Reste « Cœur de fer », dernière nouvelle qui donne son titre au recueil et nous propulse au sein de l'équipage de l'Aiguille, un vaisseau extraordinaire tant dans sa conception que de part sa vocation : plonger au sein du noyau terrestre pour y traquer un ennemi redoutable. A moins que l'ennemi ne soit pas celui qu'on croit… Cette nouvelle est une totale réussite, notablement hard science sans pour autant verser dans l'abscons, pleine de rythme et remarquablement imaginative. Un régal.
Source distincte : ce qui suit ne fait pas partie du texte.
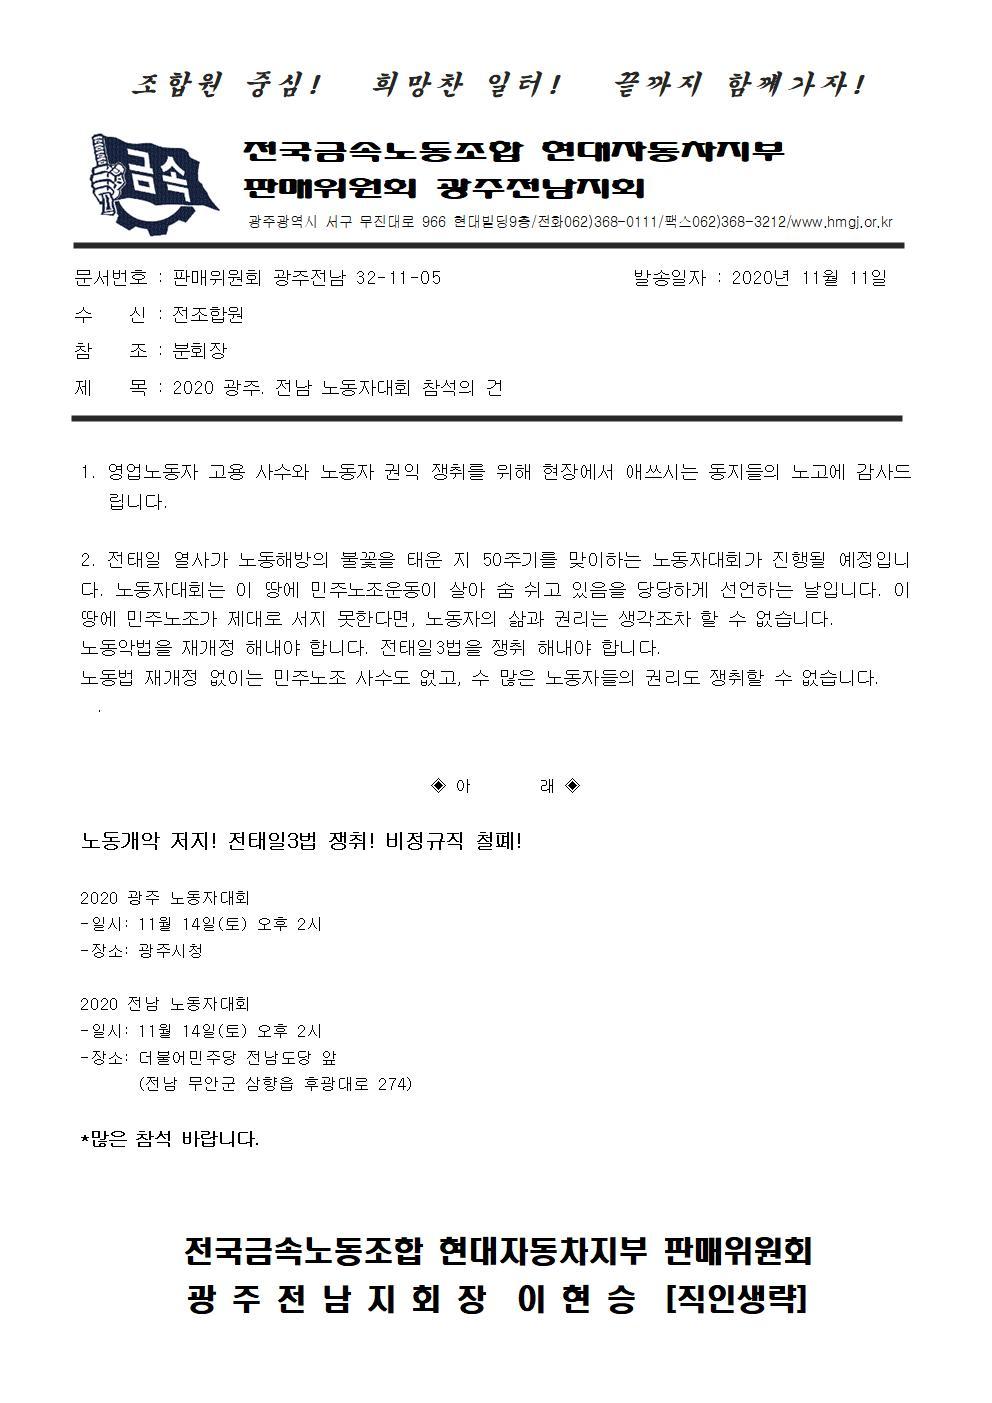 (32-11-05) 2020 광주 전남 노동자대회의 건001.jpg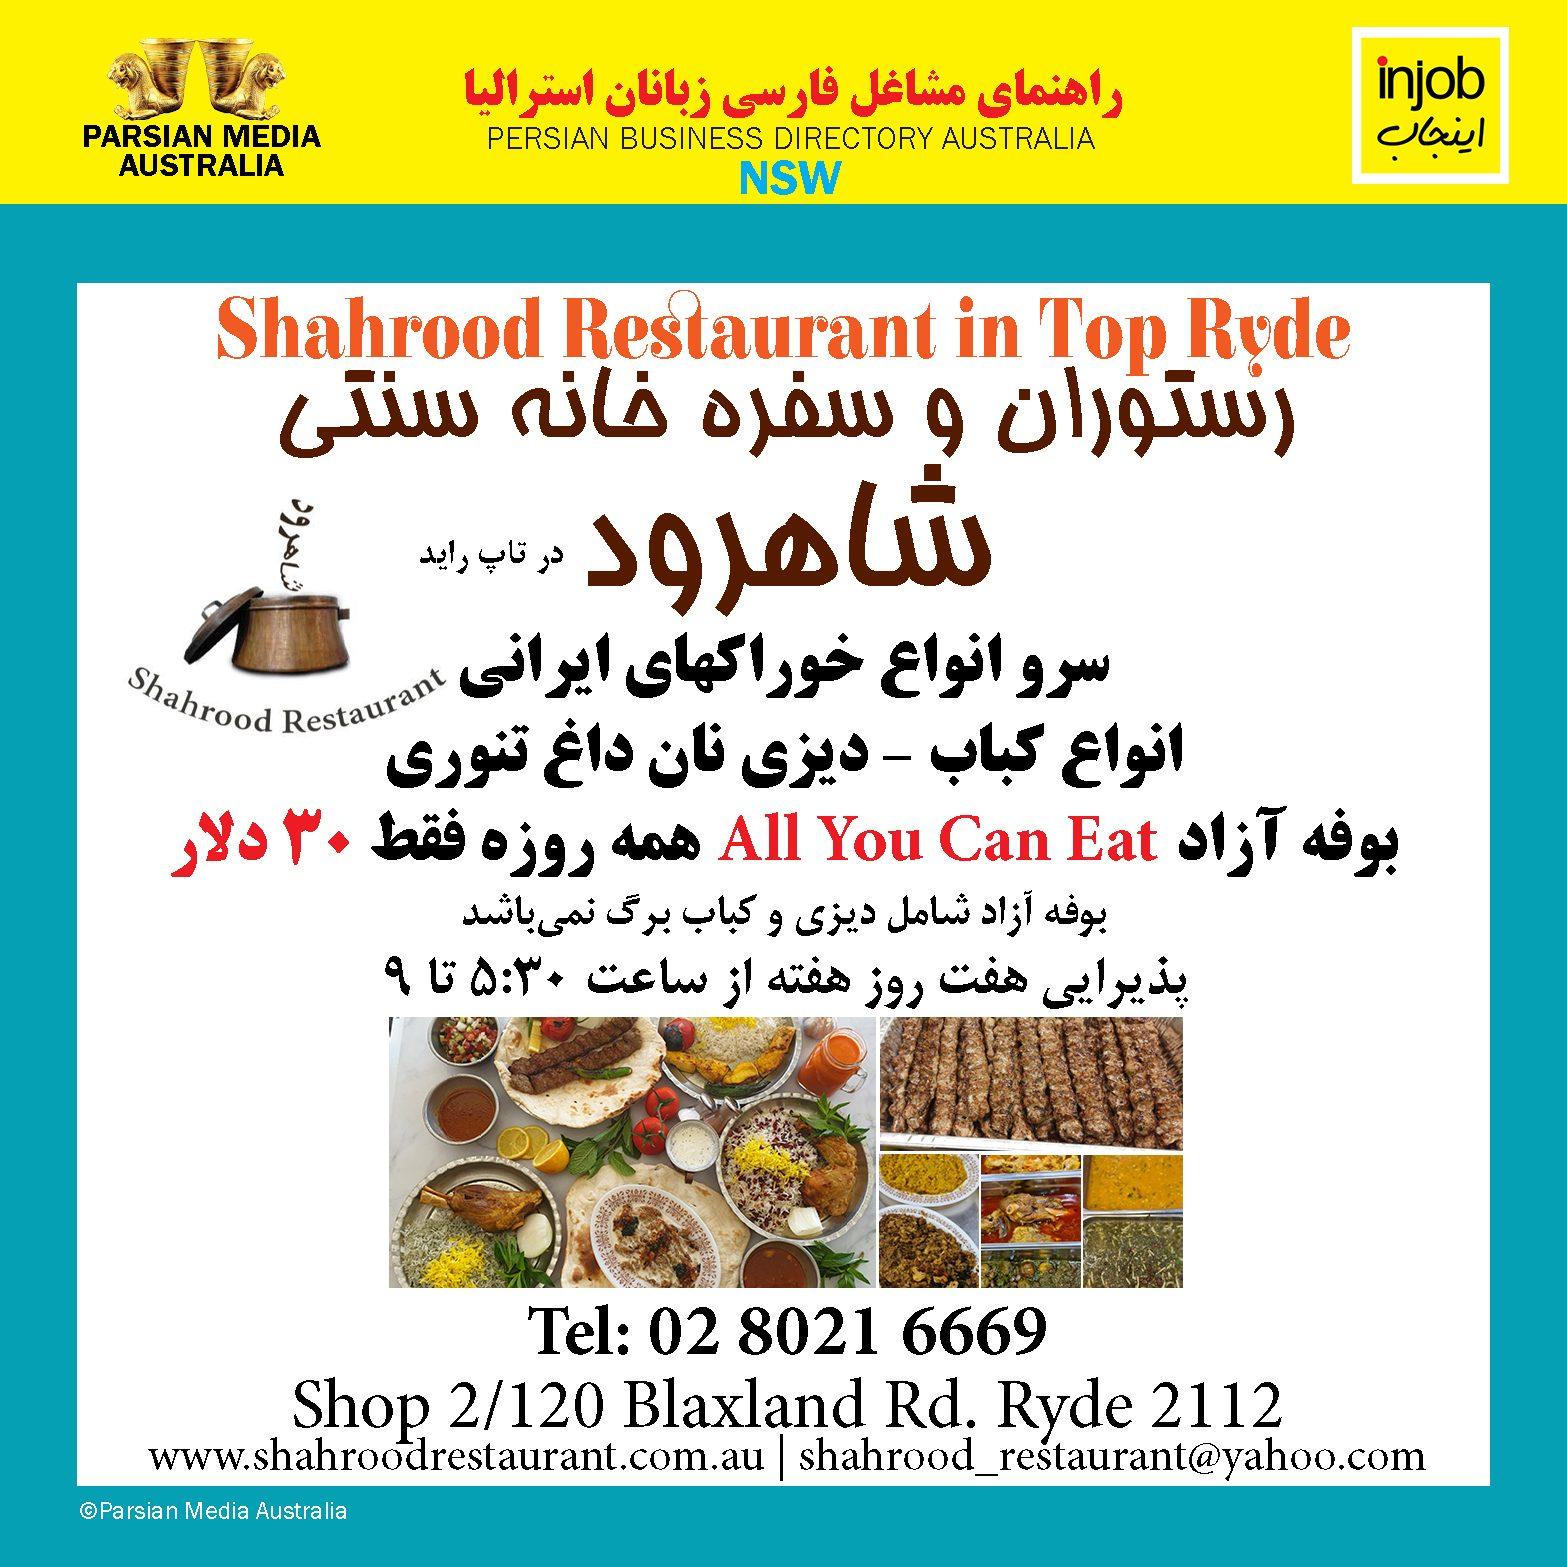 Shahrood-Restaurant-Injob 2021-2022-online2.jpg

Le recueil s'achève sur une courte interview de l'auteur, initiative louable qui permet de faire plus ample connaissance avec un écrivain dont je ne savais, pour ma part, que bien peu de choses. Au final Cœur de fer s'impose comme un ouvrage de très bonne tenue, une pierre de plus à l'édifice désormais imposant qu'est la nouvelle Science-Fiction francophone. À découvrir sans tarder.